VMware NSX VMware NSX-T Data Center

Issue/Introduction

  • There are 2 RPC (Remote Procedure Call) Channels that the NSX manager uses to communicate with transport nodes:

    1.)  MP (Management Plane) Channel on port 1234

          [root@esx-04:~] esxcli network ip connection list | grep 1234
          tcp         0       0  #.#.#.#:12352              #.#.#.#:1234    ESTABLISHED    547428  newreno  nsx-proxy

    2.)  CCP (Central Control Plane) channel on port 1235

          [root@esx-04:~] esxcli network ip connection list | grep 1235
          tcp         0       0  #.#.#.#:42204              #.#.#.#:1235    ESTABLISHED    547428  newreno  nsx-proxy


  • MP retrieves real-time logical router status through the 1st MP channel over port 1234.

  • If the communication between the manager and the edge transport nodes breaks on port 1234 but the 2nd channel continues to stay up on port 1235, the manager marks the SR status as Down/Unknown for the edge node, however, the edge node is not down.

    /var/log/proton/nsxapi.log :

    Because of connectivity issue between these edges hosting the SRs and MP, SR status is UNKNOWN and when it stays in that state for 30 minutes, MP removed default route leading to data path disruption.

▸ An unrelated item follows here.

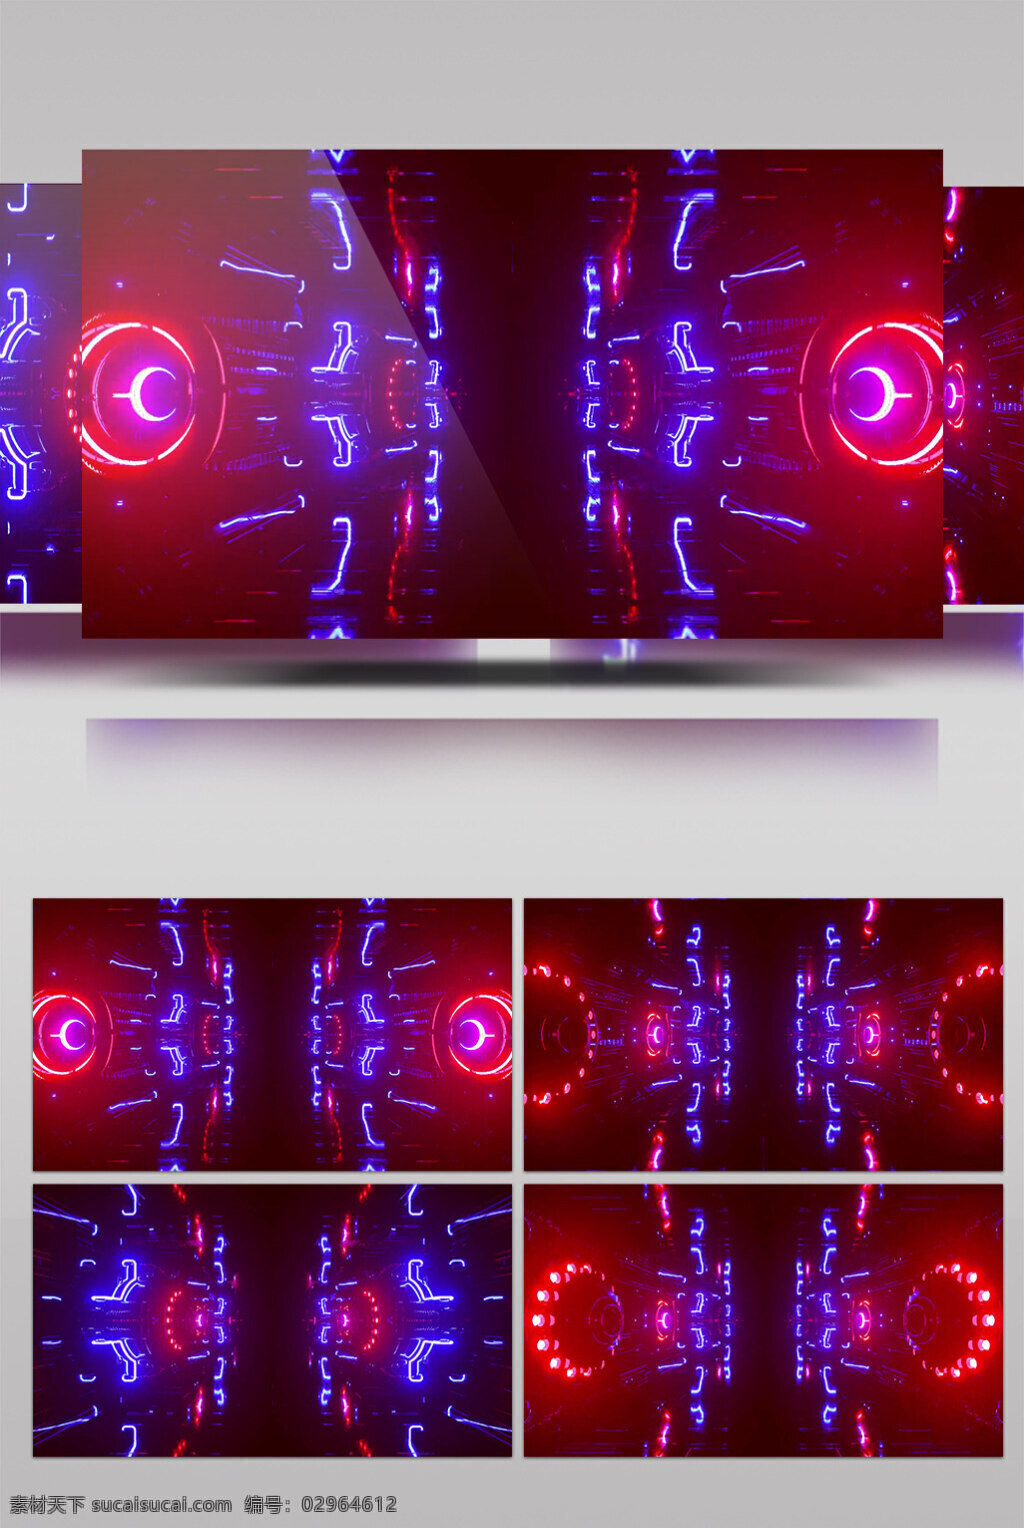 炫 酷 灯光 节 动态 视频 灯光节目 动态灯光 华丽流转 光芒四射 3d视频素材 特效视频素材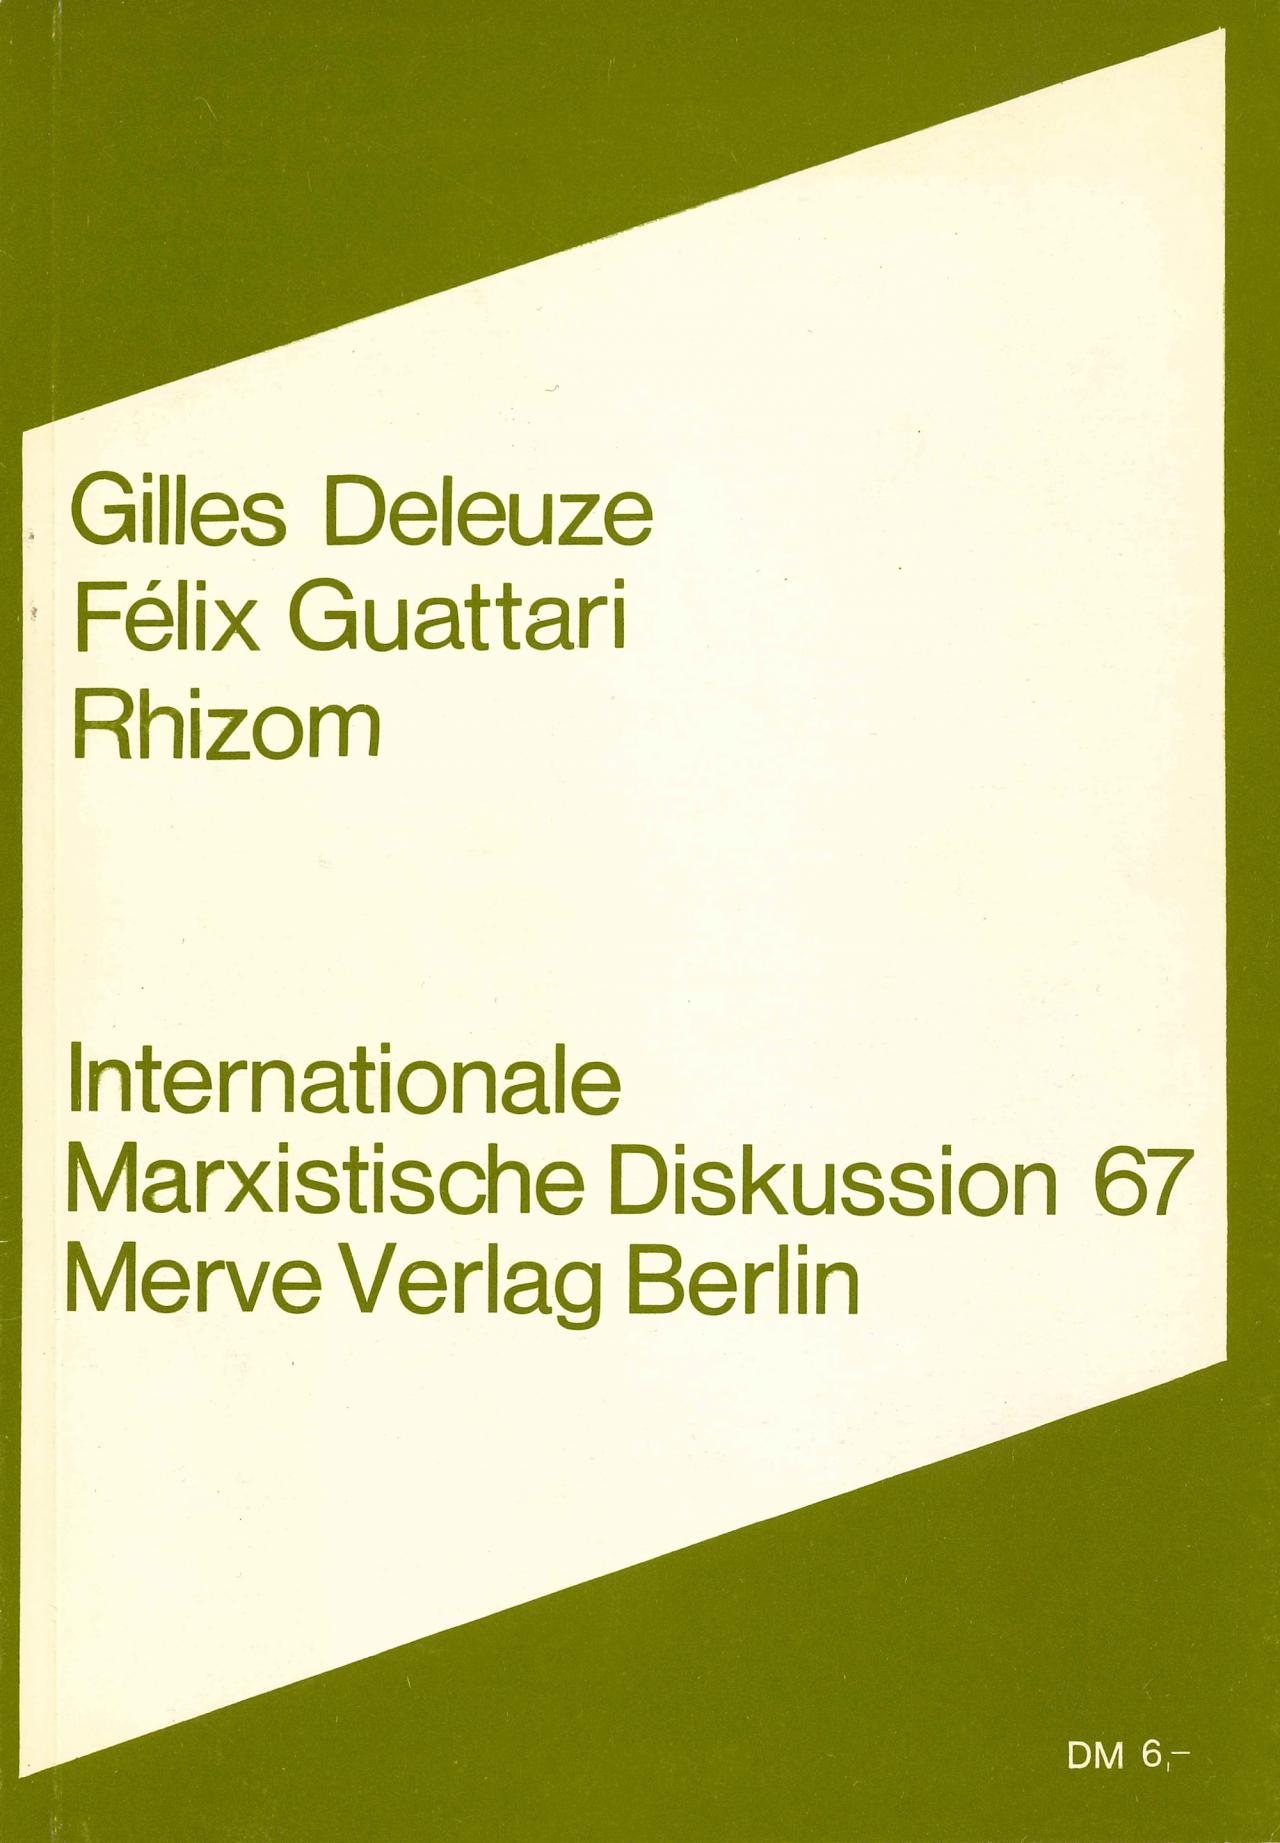 Gilles Deleuze, Félix Guattari: Rhizom, Berlin 1977.

    INFO task-scheduler-1 T0AsymmetricLoadBalancerTask 9580 ROUTING [nsx@6876 comp="nsx-manager" level="INFO" subcomp="manager"] For SR 28####da-7##6-4##c-a##9-60d2####dc1a lr LogicalRouter/07####d6-1##b-4##b-9##1-c09e####364d updated srruntime status object with runtime status UNKNOWN
    
    INFO task-scheduler-1 T0AsymmetricLoadBalancerTask 9580 ROUTING [nsx@6876 comp="nsx-manager" level="INFO" subcomp="manager"] For SR 28####da-7##6-4##c-a##9-60d2####dc1a LR 07####d6-1##b-4##b-9##1-c09e####364d changing status to DOWN and triggering the activity to disable Nexthop

     

  • For T0 AA, if an SR state is not active for 30 minutes, the NSX manager triggers the removal of the default route to that SR (for load balancing) and pushes this removal of the route to transport nodes via the 2nd channel on port 1235.

  • Below logs can be observed for the route removal:

    2024-09-12T11:02:03.802Z edge NSX 1 FABRIC [nsx@6876 comp="nsx-edge" subcomp="nsxa" s2comp="nestdb-lrouter" level="INFO"] FIB delete ::/0 for lrouter xxxxx-xxx-xxx-xxxx deleted
    2024-09-12T11:02:03.802Z edge NSX 1 SYSTEM [nsx@6876 comp="nsx-edge" subcomp="nsxa" s2comp="nestdb" level="INFO"] Handle MONITOR message type 49: FIB, update: 20 bytes, delete: 116 bytes
    2024-09-12T11:02:03.802Z edge NSX 1 FABRIC [nsx@6876 comp="nsx-edge" subcomp="nsxa" s2comp="nestdb-lrouter" level="INFO"] Processing FIB DELETE msg from nestdb
    2024-09-12T11:02:03.802Z edge NSX 1 FABRIC [nsx@6876 comp="nsx-edge" subcomp="nsxa" s2comp="nestdb-lrouter" level="INFO"] FIB delete 0.0.0.0/0 for lrouter xxxxx-xxx-xxx-xxxx

 

  • Since the MP channel on port 1234 goes down resulting in the failure of correct SR status retrieval, the default route to that SR is removed after 30 minutes and the traffic stops getting forwarded to the edge node due to the route removal pushed to transport nodes over port 1235 thus, resulting in datapath impacts.

Environment

VMware NSX-T Data Center

Cause

This is the expected behavior of NSX-T until version 3.1

Resolution

The below enhancements have been made from VMware NSX-T Data Center 3.2 version onwards.

  • In case of T0 having multiple SR's:

    If dataplane of one edge node goes down (irrespective of its MPA connectivity being up or down) and there exists at least one edge node that has dataplane connectivity and MPA connectivity both up, ONLY then:
     >> Backplane of that SR moves to the above-mentioned other SR.
     >> After half an hour, default route hops of only that SR are removed.

  • In case of T0 having only one SR, no default route hop removal happens.